# [ASSIGNMENT]
Please copy out the entries exactly, skipping any pictures.

[MATERIAL PROVIDED Boundary: Start]

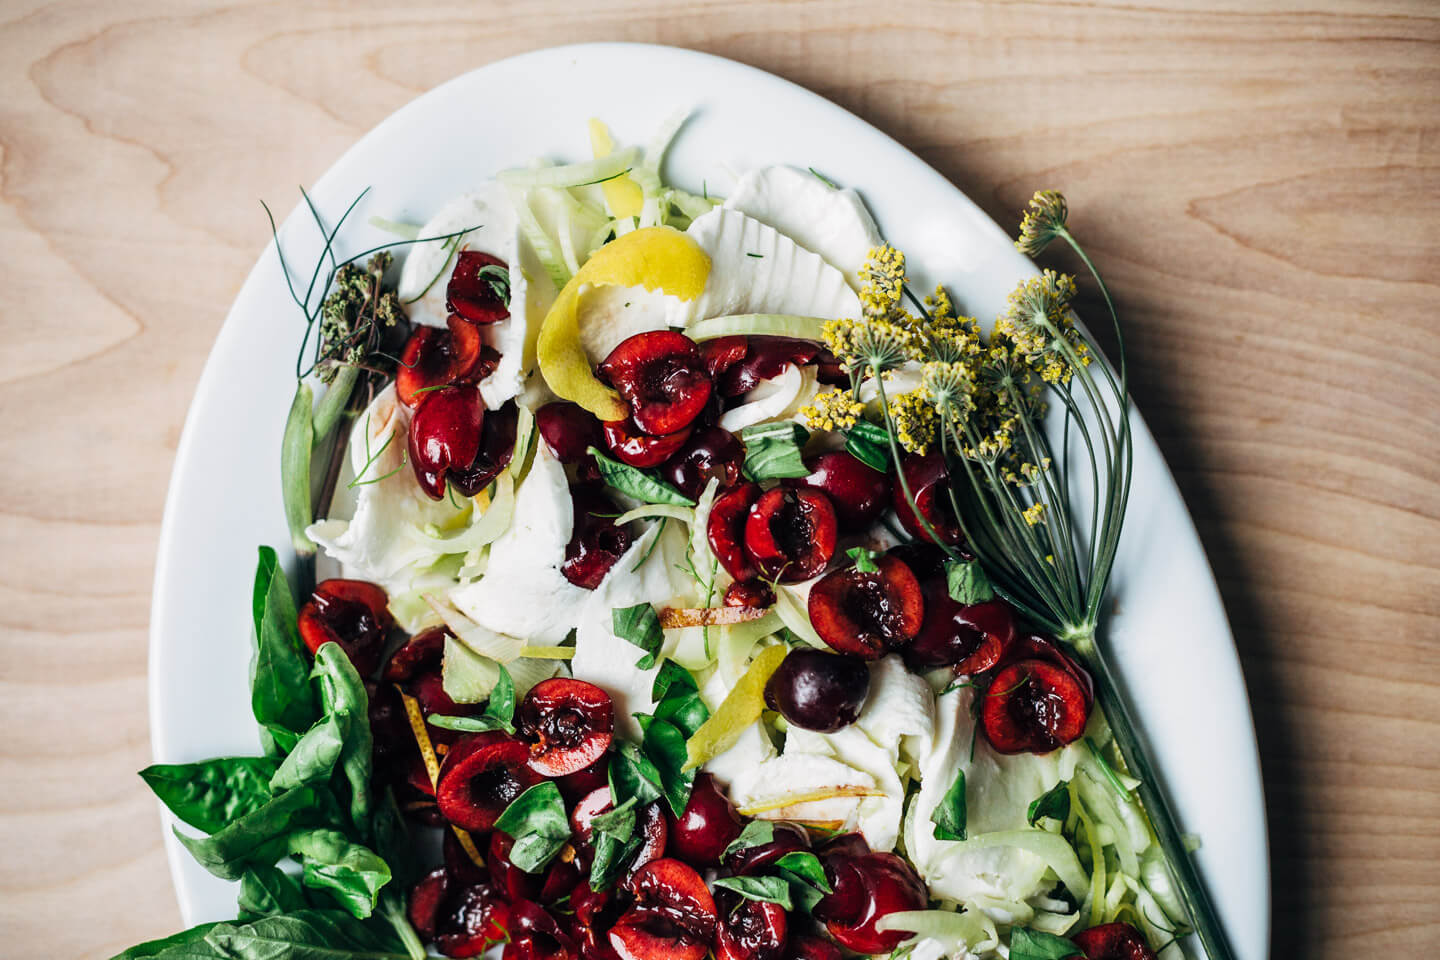 Shaved fennel and sweet Bing cherry Caprese salad
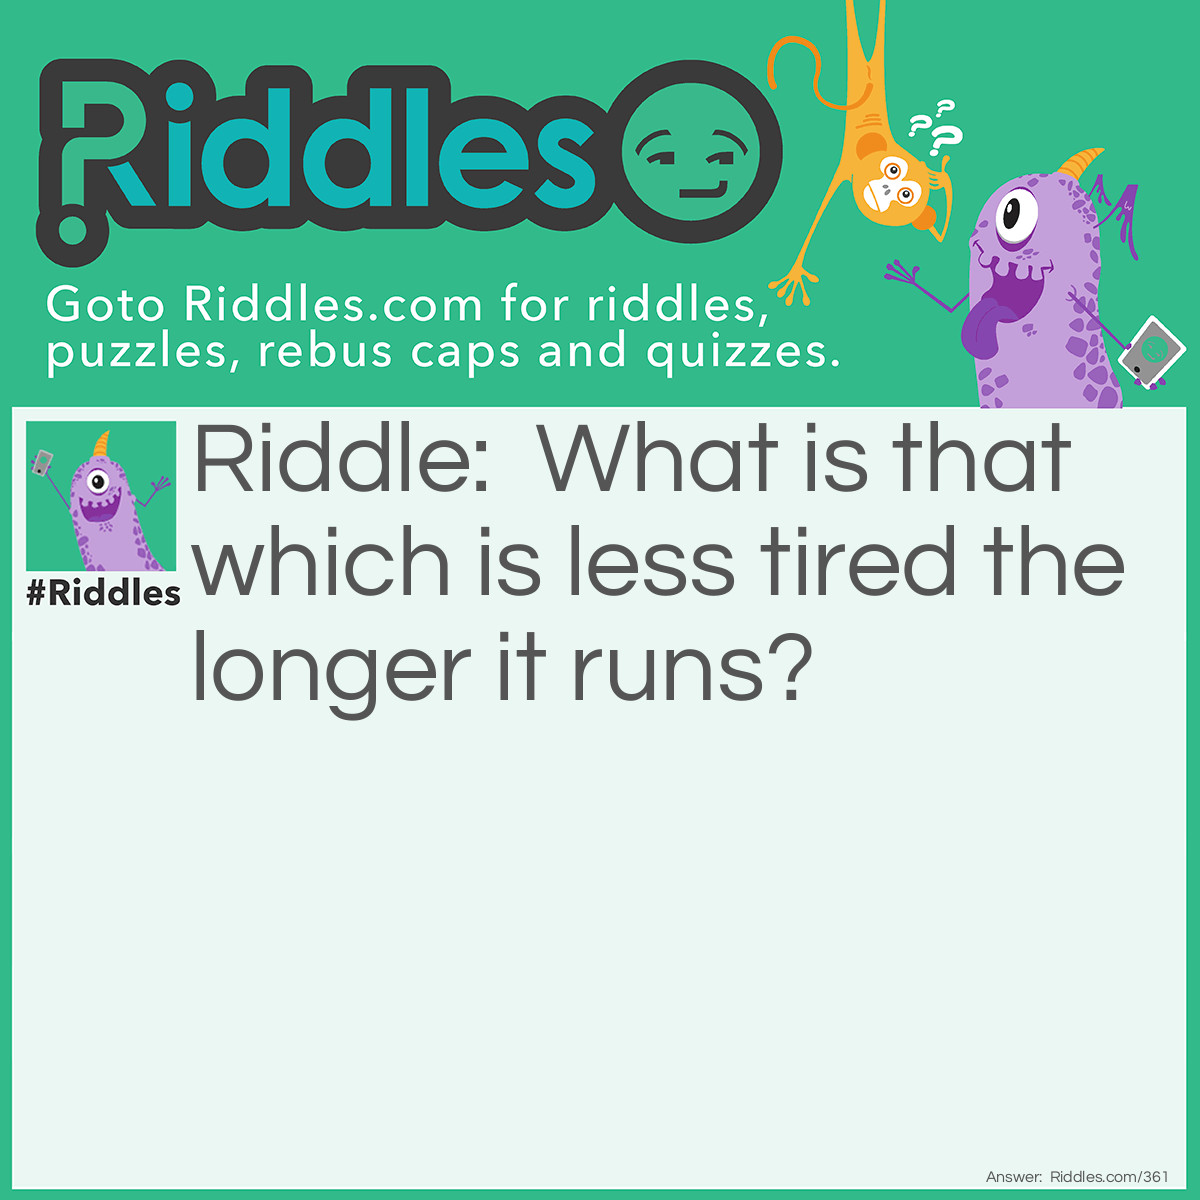 Riddle: What is that which is less tired the longer it runs? Answer: A wheel.
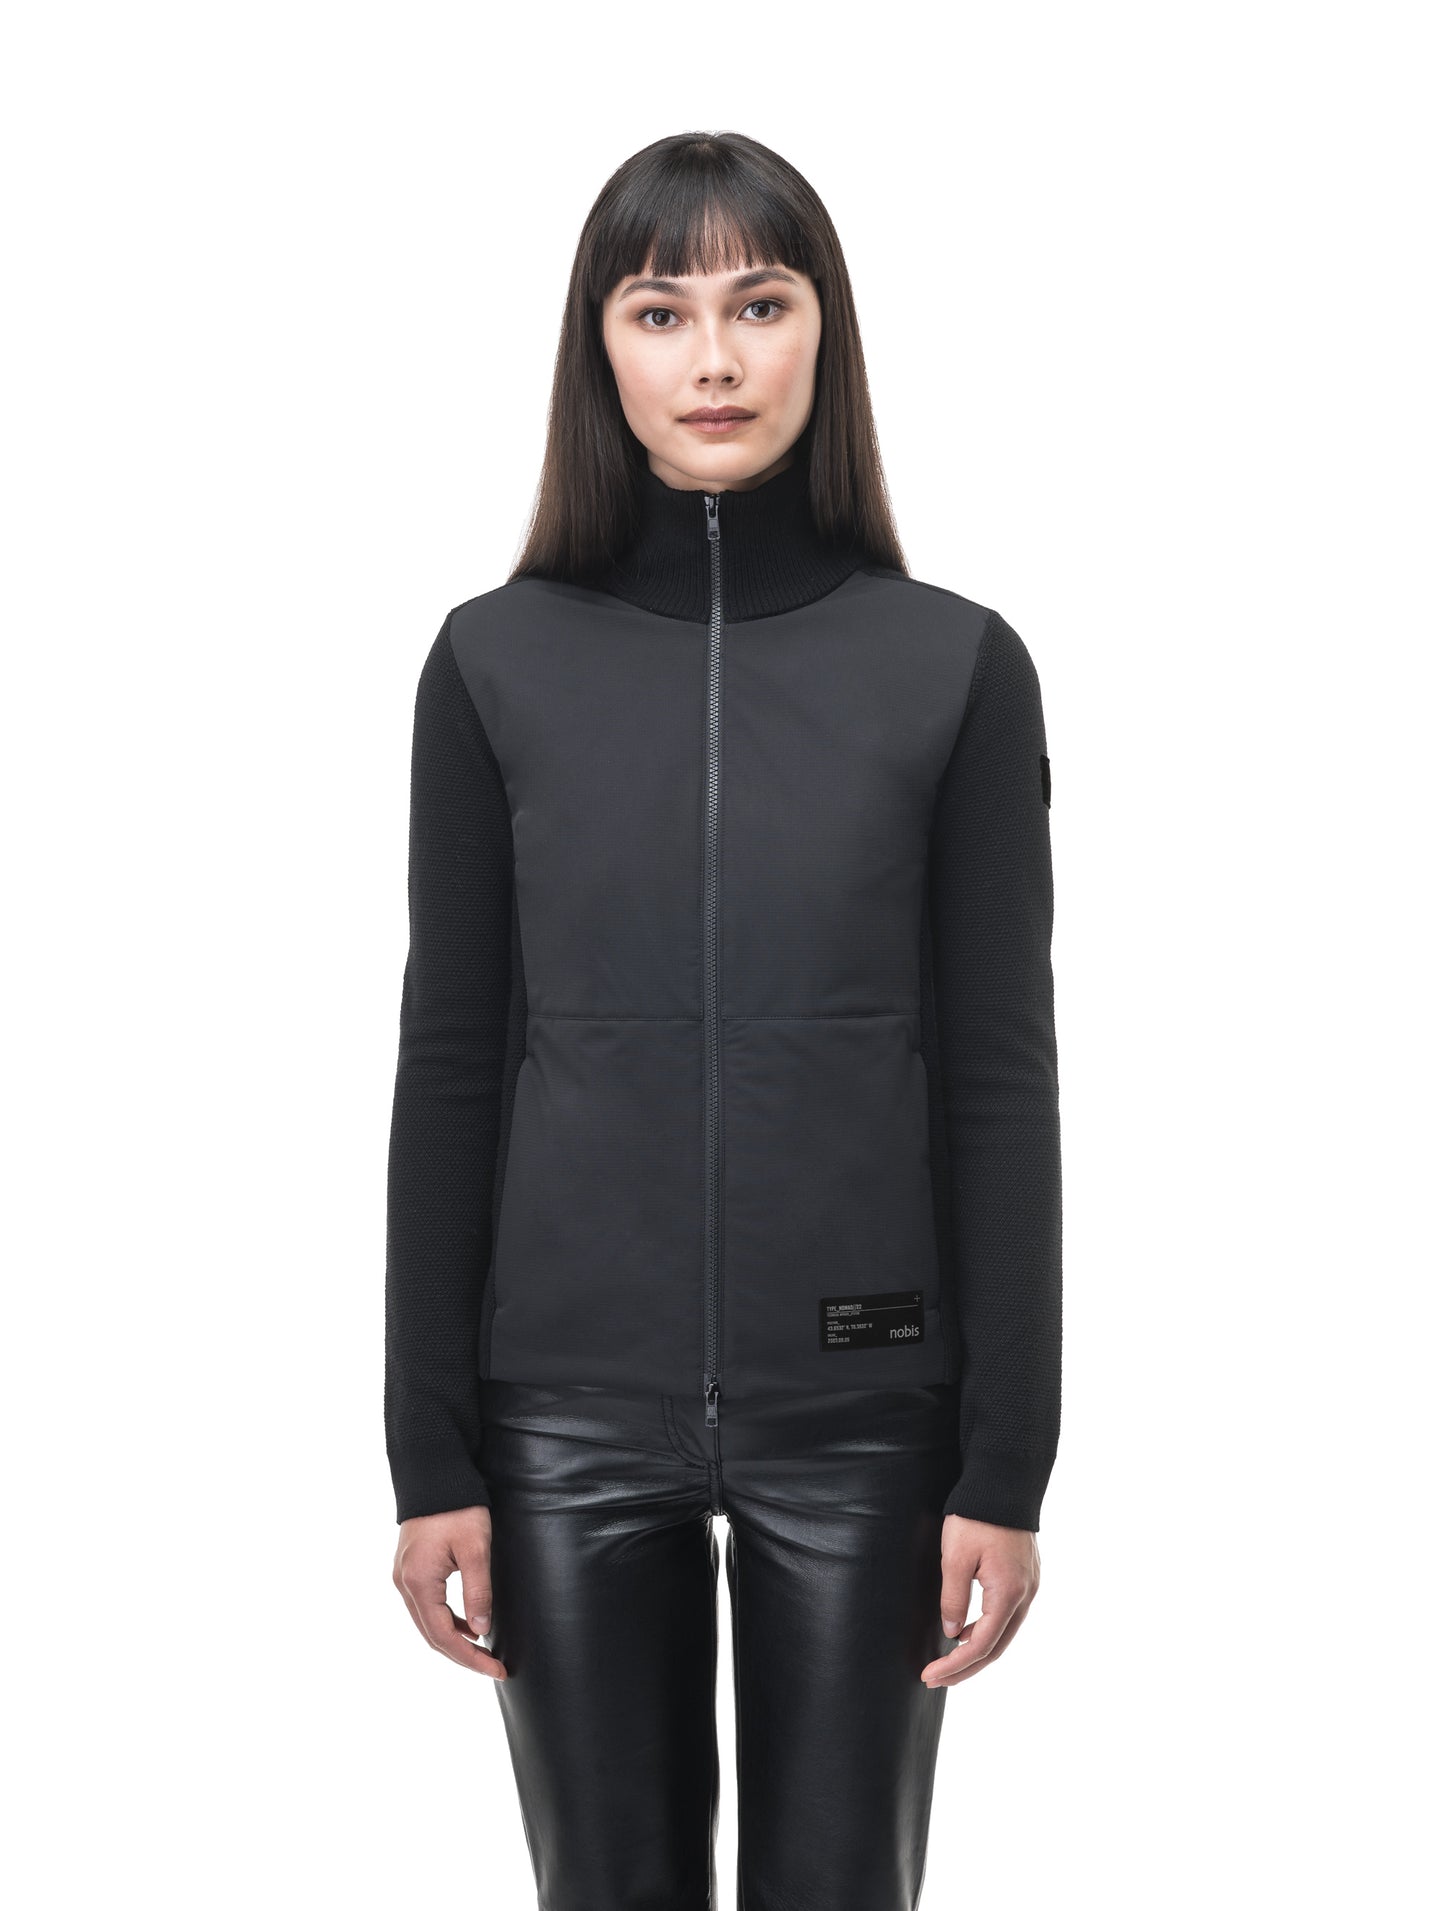 Evo Ladies Performance Full Zip Sweater in hip length, Primaloft Gold Insulation Active+, Merion wool knit collar, sleeves, back, and cuffs, two-way front zipper, and hidden waist pockets, in Black
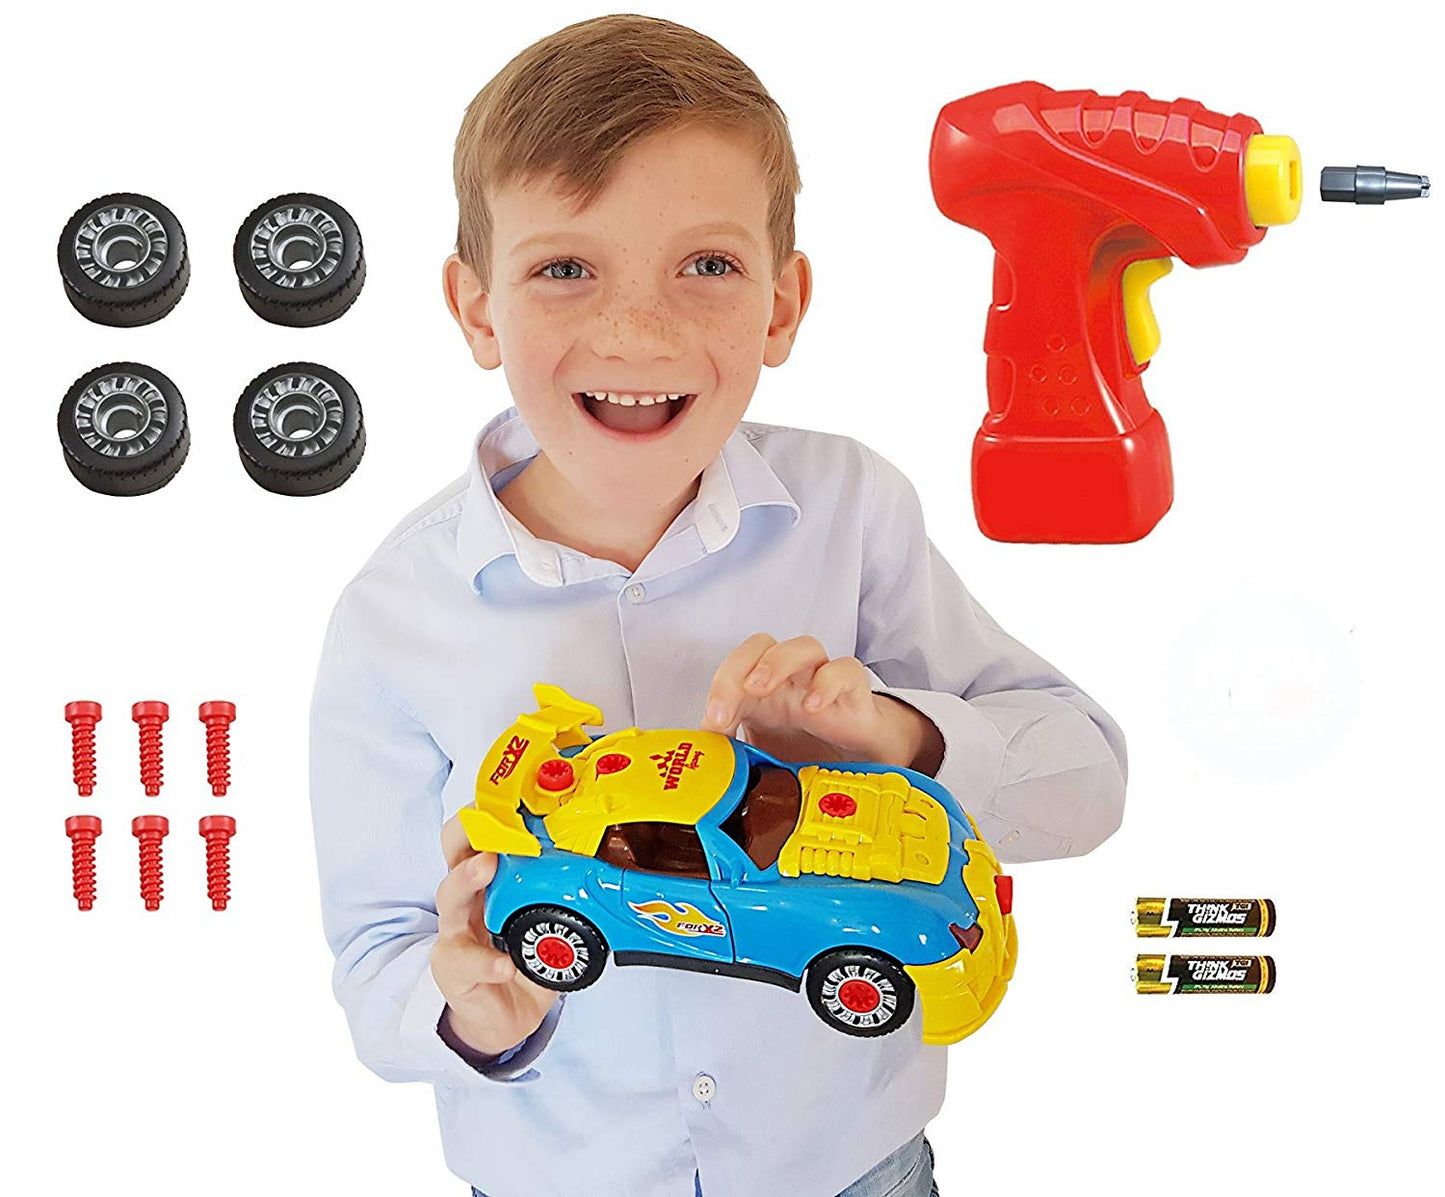 Think Gizmos Take Apart Toy Racing Car - Construction Toy Kit for Boys and Girls Aged 3 4 5 6 7 8 - Build Your Own Car Kit Updated Version 3 Exclusive to
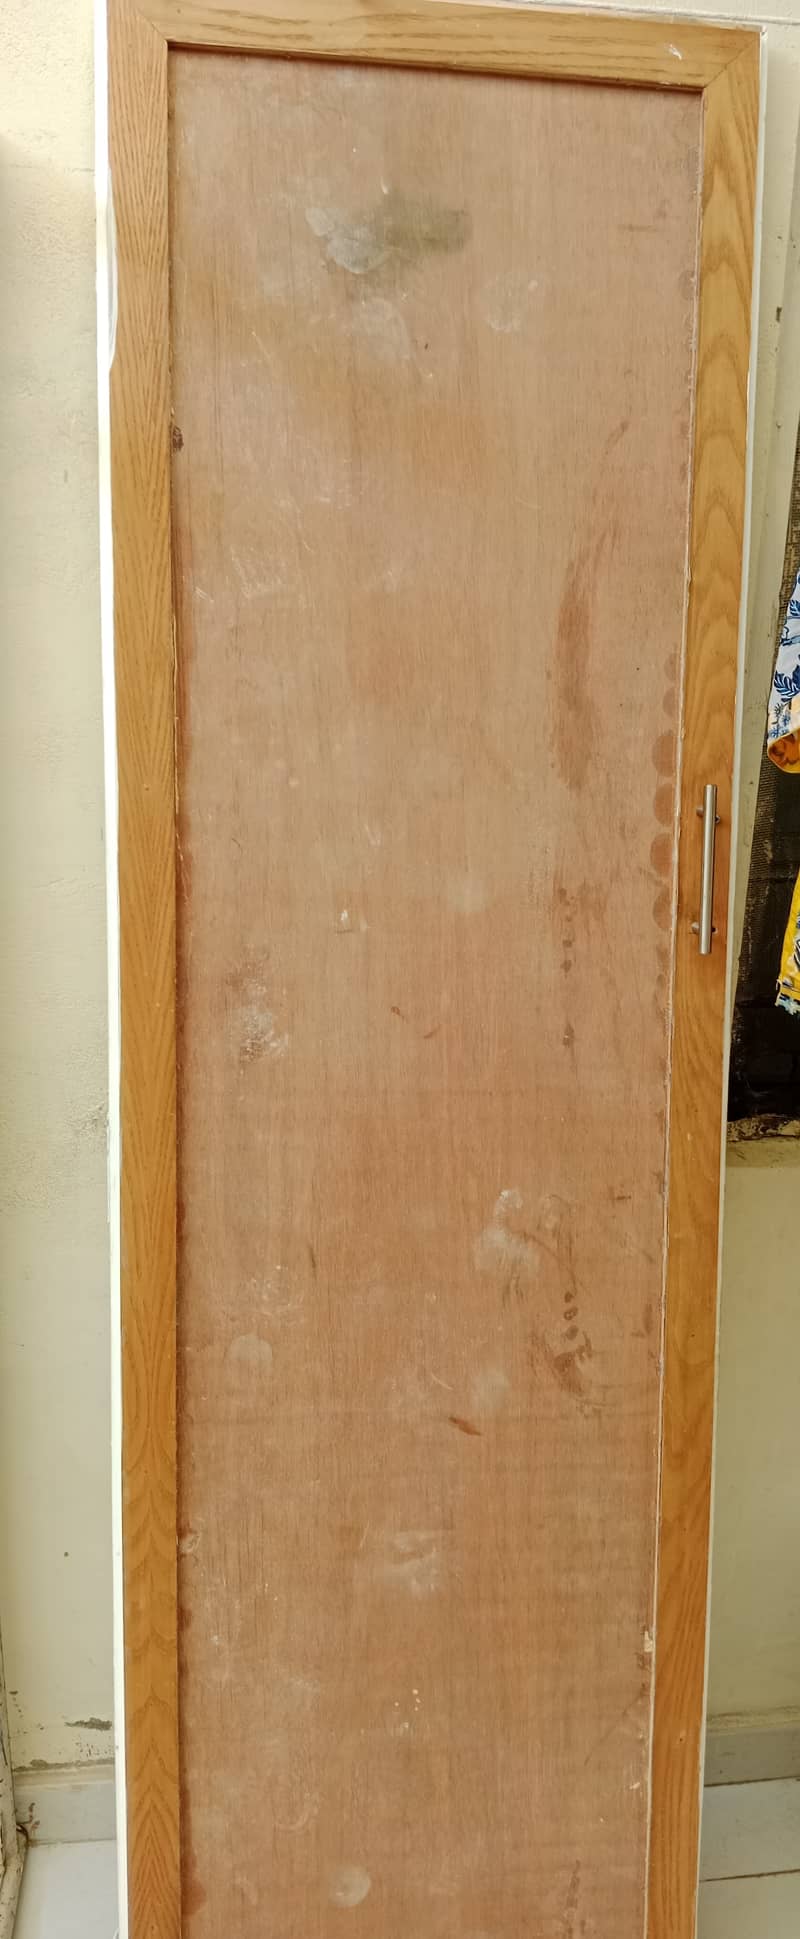 Door for sale neat and clean only WhatsUp 03060103003 6

[MATERIAL PROVIDED Boundary: End]

# [YOUR RESPONSE]
 Shaved fennel and sweet Bing cherry Caprese salad
 Riddle: What is that which is less tired the longer it runs? Answer: A wheel.
 Evo Ladies Performance Full Zip Sweater in hip length, Primaloft Gold Insulation Active+, Merion wool knit collar, sleeves, back, and cuffs, two-way front zipper, and hidden waist pockets, in Black
 Think Gizmos Take Apart Toy Racing Car - Construction Toy Kit for Boys and Girls Aged 3 4 5 6 7 8 - Build Your Own Car Kit Updated Version 3 Exclusive to
 Door for sale neat and clean only WhatsUp 03060103003 6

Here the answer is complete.